Just like their humans, stress can cause dogs to lose their hair. A change in schedule, or new people or animals living in the household can emotionally impact your dog and cause them stress. In addition to excess shedding, your dog may show other signs of anxiety, like having accidents, eating more or less than usual, whining or crying, or even being destructive.

Medical Reasons

Your doggo’s health may be reflected in their shedding rate, so you should pay attention to any unexplained excessive shedding. Endocrine diseases, skin disorders, nutritional or vitamin deficiencies, and other disorders can cause hair loss or change the rate of hair growth in your dog. Hormonal fluctuations can also cause female dogs to shed more after a heat cycle. You should contact your vet if the rate of shedding seems out of the ordinary for your dog.

Dehydration

Your pup should always have more than enough fresh water available. Staying hydrated is incredibly important, even in cooler months. Dehydration can lead to dry skin, which is one of the causes of excessive shedding.

Hygiene

Regardless of the type of hair your dog has, brushing is an important part of good hygiene. Routine grooming (some dogs require brushing every day) is absolutely essential for all dogs. Brushing or combing your dog helps to remove dead hairs before they end up on every square inch of your home. Brushing helps to distribute healthy, natural oils produced by the skin throughout your dog’s coat, which helps hairs stay in place on your dog, not on your floor. Bathe your dog regularly, but only use dog shampoo, as human shampoo is too harsh and will irritate Fido’s skin.

Diet

Since diet plays a huge role in your dog’s overall health, nutritious food is important. There are even specialty noms made precisely to promote a healthy, shiny coat! Some dogs with food allergies are prone to diet-related shedding, these pups can benefit from a protein-rich and grain-free food to improve their dry skin and reduce shedding.
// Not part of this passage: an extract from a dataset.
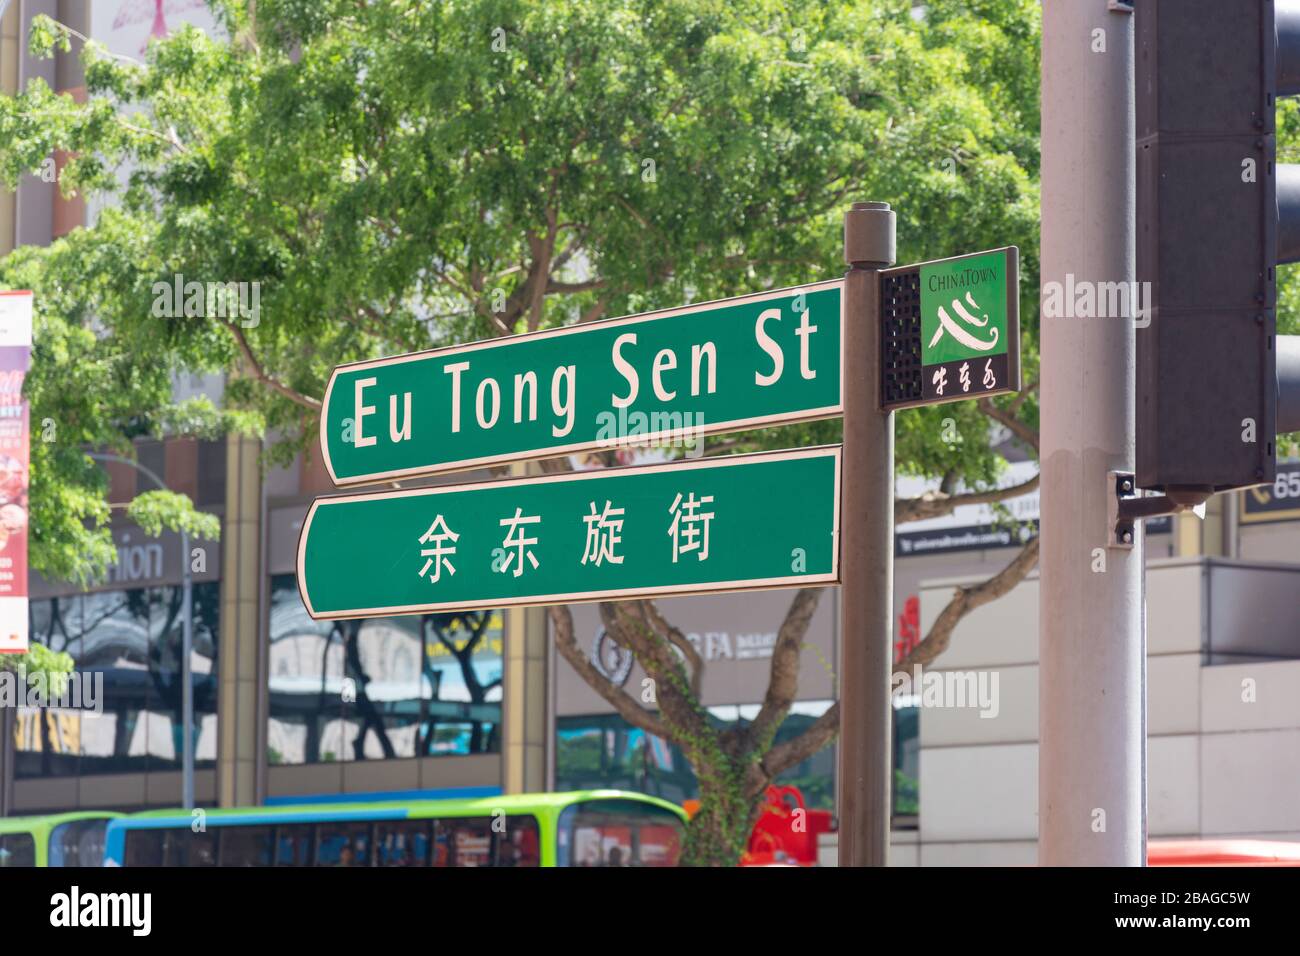 Letrero de calle inglés y chino, EU Tong Sen Street, Chinatown, República de Singapur Foto de stock

Tips for keeping shedding under control

The best thing you can do for your dog’s health and your own sanity is to maintain a regular schedule of brushing and grooming, as well as keeping your dog hydrated and providing them with nutritious food. Pay close attention to anything that could be causing them stress or impacting their health. At the end of the day, the puppy eyes and wet kisses are well worth the dog hair, just make sure you stock up on lint rollers!